Daerah  

KPK Inisiasi Pakta Integritas di Halmahera Timur

HALMAHERA TIMUR – Komisi Pemberantasan Korupsi (KPK) meminta para pejabat di lingkungan Pemerintahan Kabupaten Halmahera Timur berkomitmen dalam pengembalian aset daerah yang digunakan para aparatur setelah selesai menjabat. Yakni melalui penandatanganan pakta integritas aset.

Hal itu ditegaskan KPK dalam rangkaian kegiatan koordinasi dan supervisi sektor pertambangan di Halmahera Timur, Maluku Utara, dengan menggelar Rapat Monitoring dan Evaluasi Pemerintahan Kabupaten Halmahera Timur. Rapat digelar di Aula Kantor Bupati Halmahera Timur.

Dian Patria, Kepala Satuan Tugas Korsup Wilayah V KPK mengatakan tujuan penandatanganan pakta integritas aset ini adalah selain memenuhi salah satu sub-indikator pada MCP (Monitoring Centre for Pevention), juga untuk optimalisasi pemasukan daerah di Kabupaten tersebut.

“Jika aset daerah yang digunakan pejabat terkait tidak dikembalikan, maka yang bersangkutan akan diproses hukum,” ujar Dian, dalam keterangan tertulis yang diterima Infopublik, Selasa (1/11/2022).

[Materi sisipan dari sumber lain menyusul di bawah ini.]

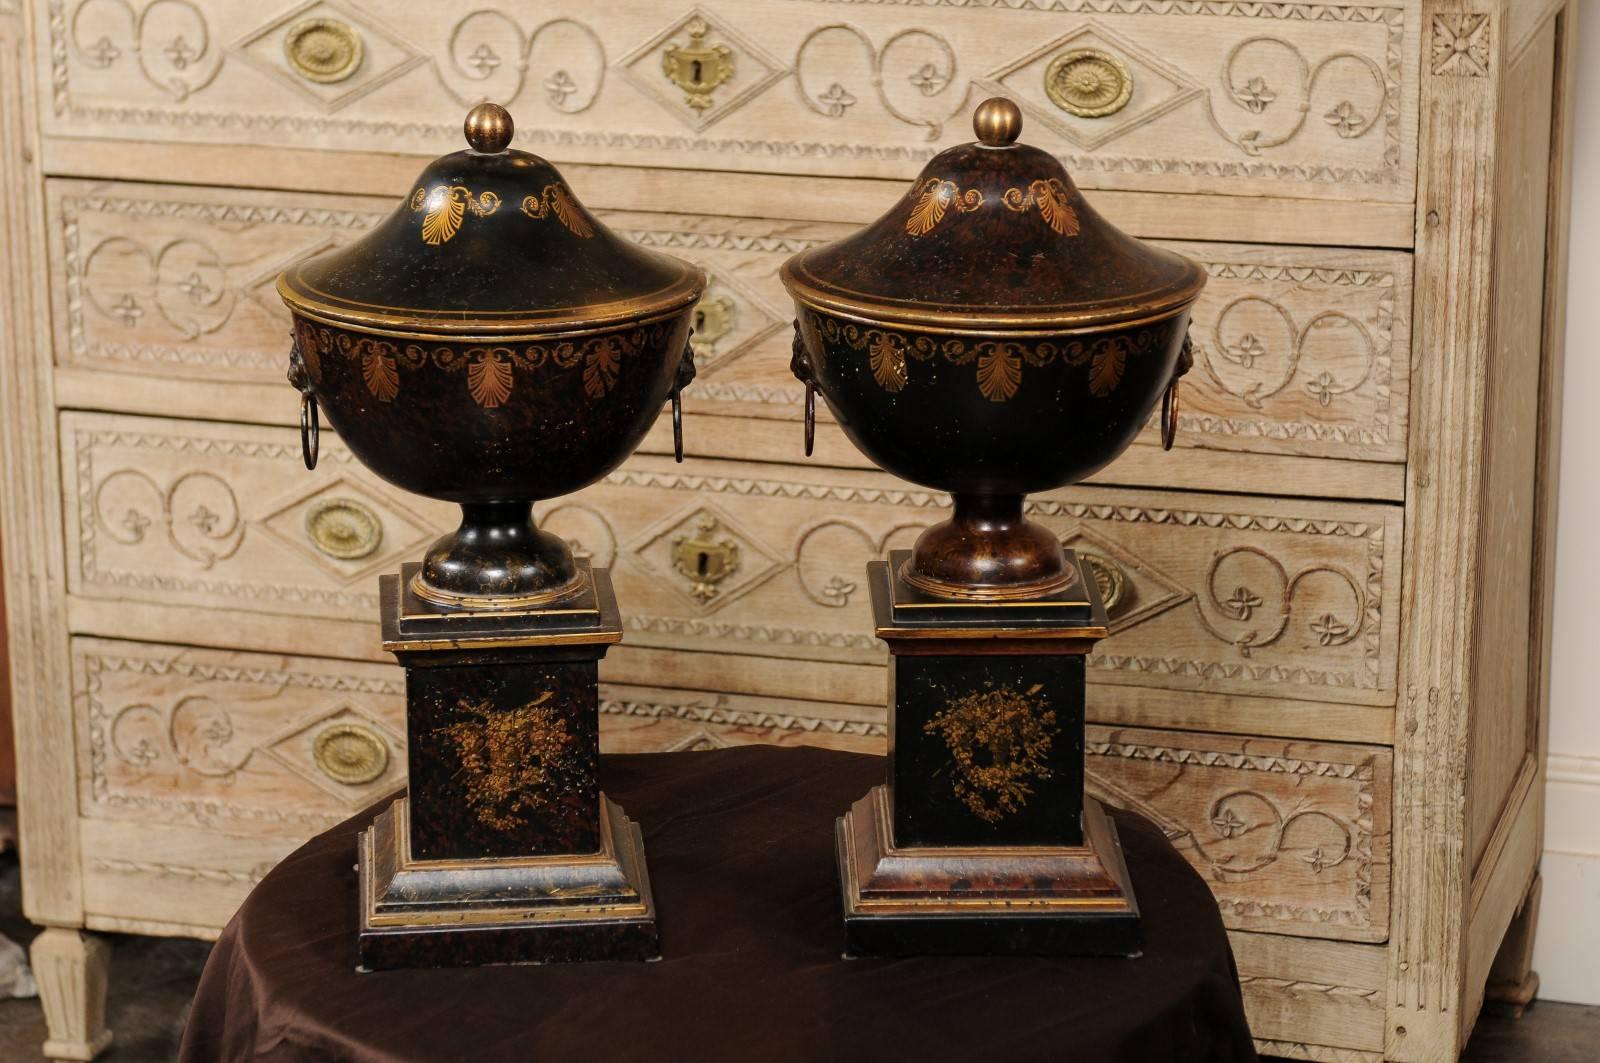 20th Century Pair of French 1920s Tole Black Tole Urns on Pedestals with Gilded Accents

Menurut Dian, penguasan aset oleh penjabat dan mantan pejabat jamak ditemukan di wilayah timur Indonesia termasuk di Kabupaten Halmahera Timur. Oleh karena itu, KPK menginisiasi penandatangan pakta ini bagi para Kepala Daerah, Ketua Dewan, dan seluruh pejabat.

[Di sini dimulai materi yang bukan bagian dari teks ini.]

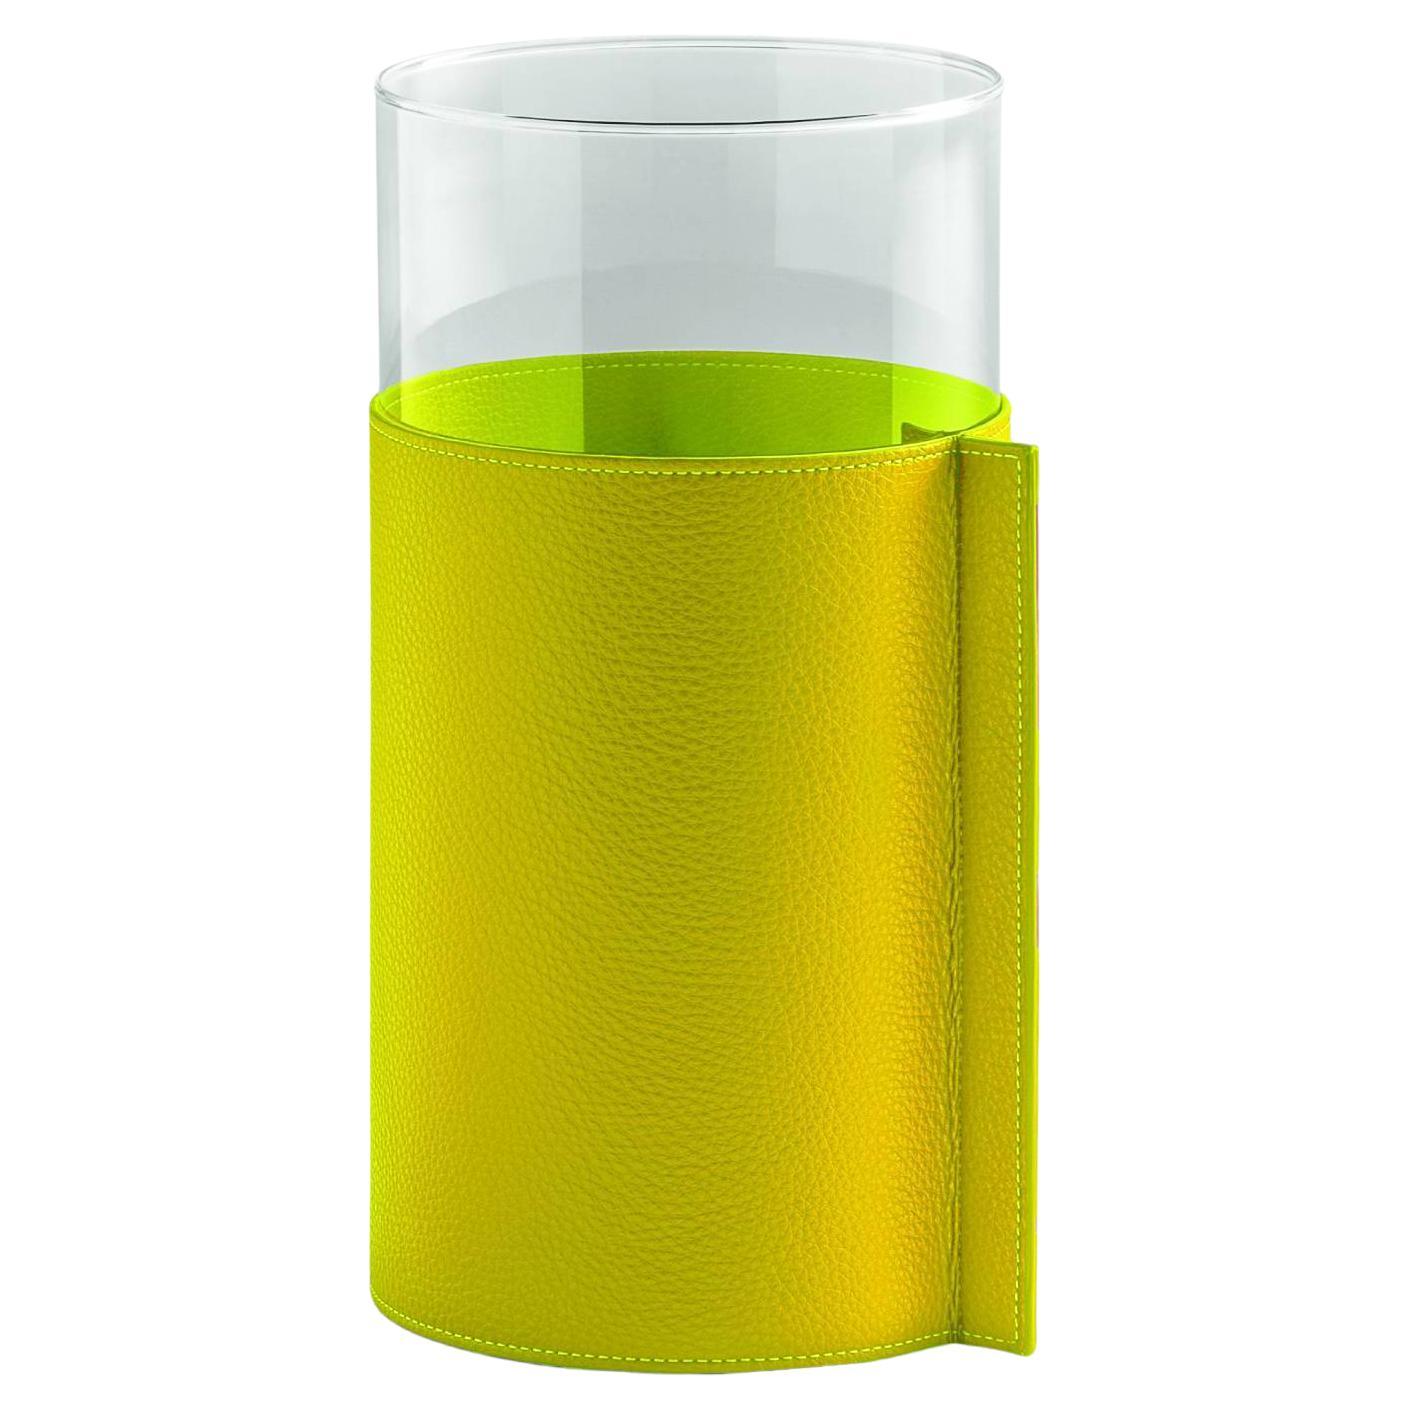 Leather Pot High Glass Vase Covered with Leather Pelle SC 140 Mimosa Yellow

“Agar ada kontrol juga oleh masyarakat untuk melaporkan pejabat/mantan pejabat yang menguasai aset secara tidak sah dan diproses hukum,” ujar Dian.

Lanjut Dian, Tim Korsup bersama Pemkab Halmahera Timur juga melakukan pemasangan plang guna pengamanan pada tiga aset tanah milik pemerintahan kabupatennya. Plang tersebut dipasang di TPU Soagimalaha seluas 39.937 meter persegi, Terminal Kota Maba seluas 2.000 meter persegi, dan Balai Latihan Kerja seluas 238.879 meter persegi.

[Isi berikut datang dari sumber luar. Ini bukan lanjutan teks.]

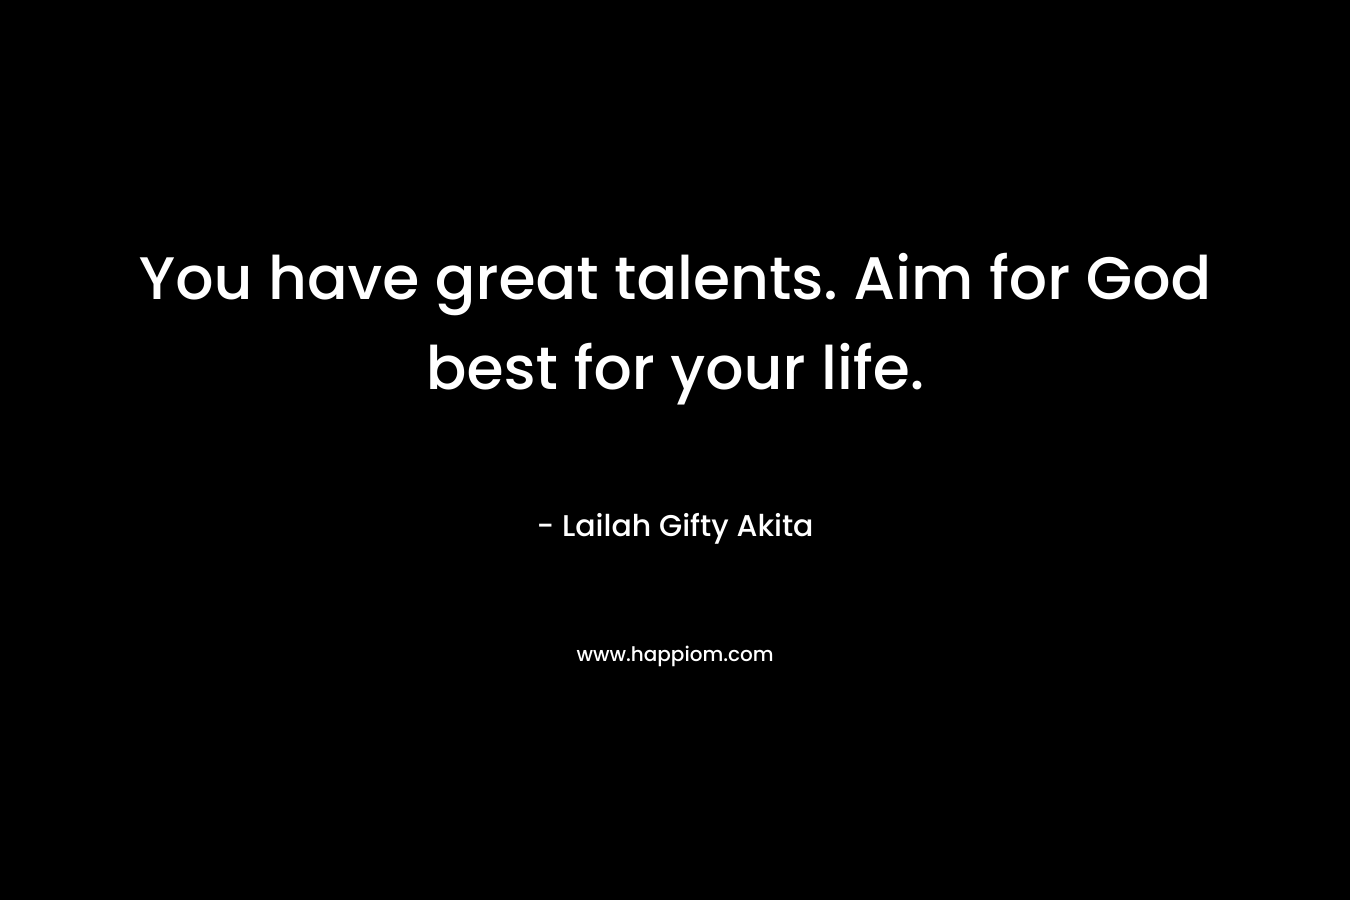 You have great talents. Aim for God best for your life.

“Kami juga melakukan pemasangan plang di dua wilayah perusahaan tambang yang belum melunasi kewajibannya kepada Pemda sekaligus sebagai tindak lanjut dari temuan BPK,” ujar Dian.

Sambung Dian, temuan BPK selama beberapa tahun terakhir ada dua perusahaan tambang di Kawasan Halmahera Timur yang belum menyetorkan pendapatannya ke Pemda Maluku Utara. Yaitu PT. Adhita Nikel Indonesia sebesar Rp1 miliar rupiah dan PT Sembaki Tambang Sentosa (STS) sebesar Rp1,9 miliar.

Ricky Chairul Richfat, Sekda Halmahera Timur, mengungkapkan berterima kasih kepada KPK karena telah membantu melakukan optimalisasi pemasukan daerah di kabupatennya, semata untuk kepentingan masyarakat daerahnya. “Kami mengapresiasi apa yang telah dilakukan KPK atas pendampingan optimalisasi aset daerah di Kabupaten itu,” ujarnya.

Unit Korsup KPK melakukan serangkaian kegiatan di Kabupaten Halmahera Timur, Maluku Utara sejak Minggu, 30 Oktober hingga 1 November 2022. Agenda utama KPK yakni melakukan perbaikan tata kelola di sektor pertambangan serta melakukan monitoring dan evaluasi kinerja Pemda setempat melalui MCP (Monitoring Centre for Pevention).